Потом меня завалили делами. Вызвали писца, который каллиграфическим почерком переписал на пергамент договор между мною и городом Медные Холмы. По распоряжению Наста, я подписала договор. Он забрал у меня пергамент, а взамен выдал расписку. Расписку он тоже у меня забрал и сказал, что сохранит ее в архиве. Взамен одной расписки он написал мне другую расписку, по которой я могу получить свое вознаграждение. Я объяснила, что в горах бумага, скорее всего, пропадет, поэтому Наст отобрал и вторую расписку. Ее он собирался поместить на хранение в другом месте. Собрался было выдать мне третью расписку, но я отказалась. За один день мы извели больше бумаги, чем я израсходовала за всю жизнь. Наст презрительно фыркнул и сунул ее во внутренний карман своего жилета.
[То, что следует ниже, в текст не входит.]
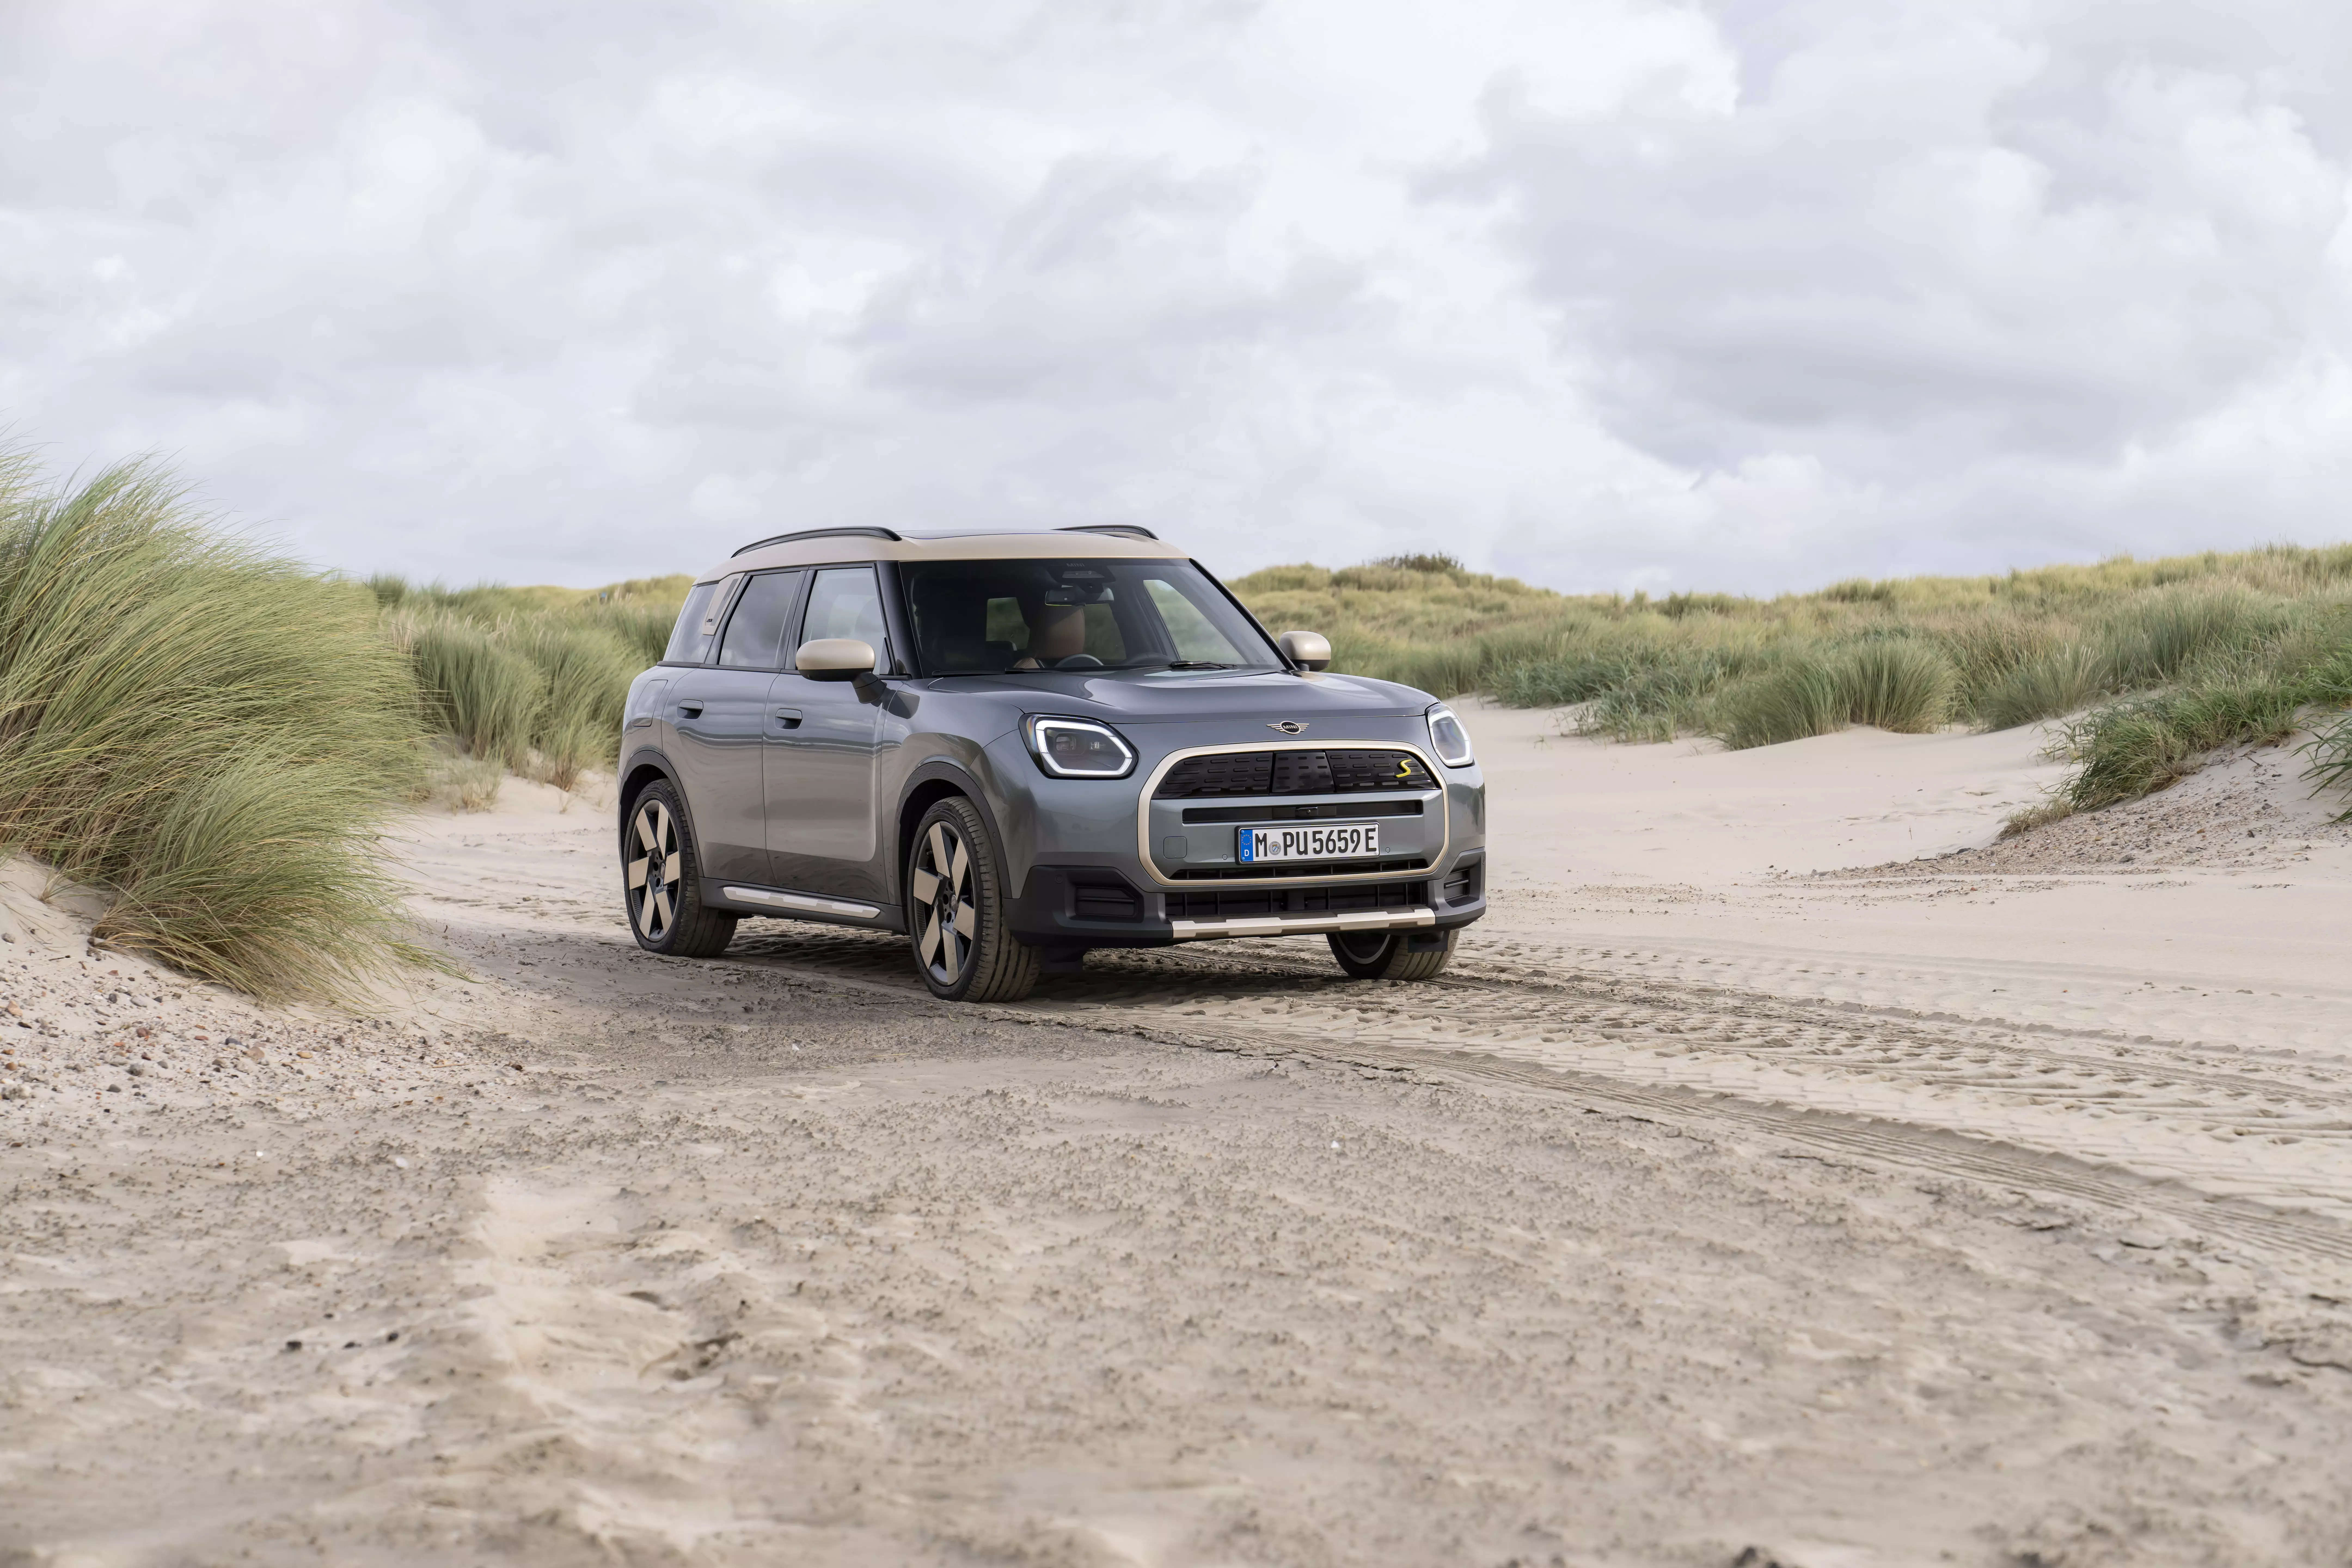 MINI Countryman SE ALL4 gets tech-savvy and luxurious interior, ET

— Будь осторожна, госпожа Зелёная, — сказал он. — Если ты не вернешься, то не сможешь истребовать свое вознаграждение в городском казначействе.
Не пытаясь понять смысл его последних слов, я церемонно поклонилась:
— Я тоже буду скучать, господин Наст!
Я попросила не провожать меня, тем более что отыскать выход оказалось не так сложно. Перед тем как выйти на улицу, я снова закрыла лицо покрывалом. На той стороне улицы меня ждал Септио, одетый простым рабочим. Он ел жареную рыбу из бумажного кулька. Несмотря на свою раздраженность, ему я обрадовалась и поспешила узнать, как себя чувствует Танцовщица.
Дружно поедая рыбу, мы не спеша двигались в сторону постоялого двора. Нам нужно было найти улицу с интересным названием: Пивные Ноги. Мне понравилось далеко не все из того, что поведал Септио.
— Я впустил в наш храм огромного, хищного пардайна. — Септио сунул себе в рот большой кусок рыбы и проглотил не жуя. — Хотя обычно мы не пускаем к себе посторонних, потому что нам есть что скрывать, я не очень беспокоился.
— Болван! — тихо ответила я. — Зато я беспокоилась, и очень! Ты заметил костяшки у него на груди?
— Он сам мне рассказал. Костяшки священников. — Септио расплылся в улыбке. Хотя мой новый друг и был священником, он во многом остался совсем мальчишкой. — Хотелось бы мне хоть одним глазком взглянуть, как он попробует напасть на наших!
— А он пробовал?
— Нет. Зато он посмотрел в большой магический бассейн, и там появился лес… — Септио перестал улыбаться. — Никогда не видел, чтобы у чужака получалось такое. Многие священники не могут вызвать нужной картины.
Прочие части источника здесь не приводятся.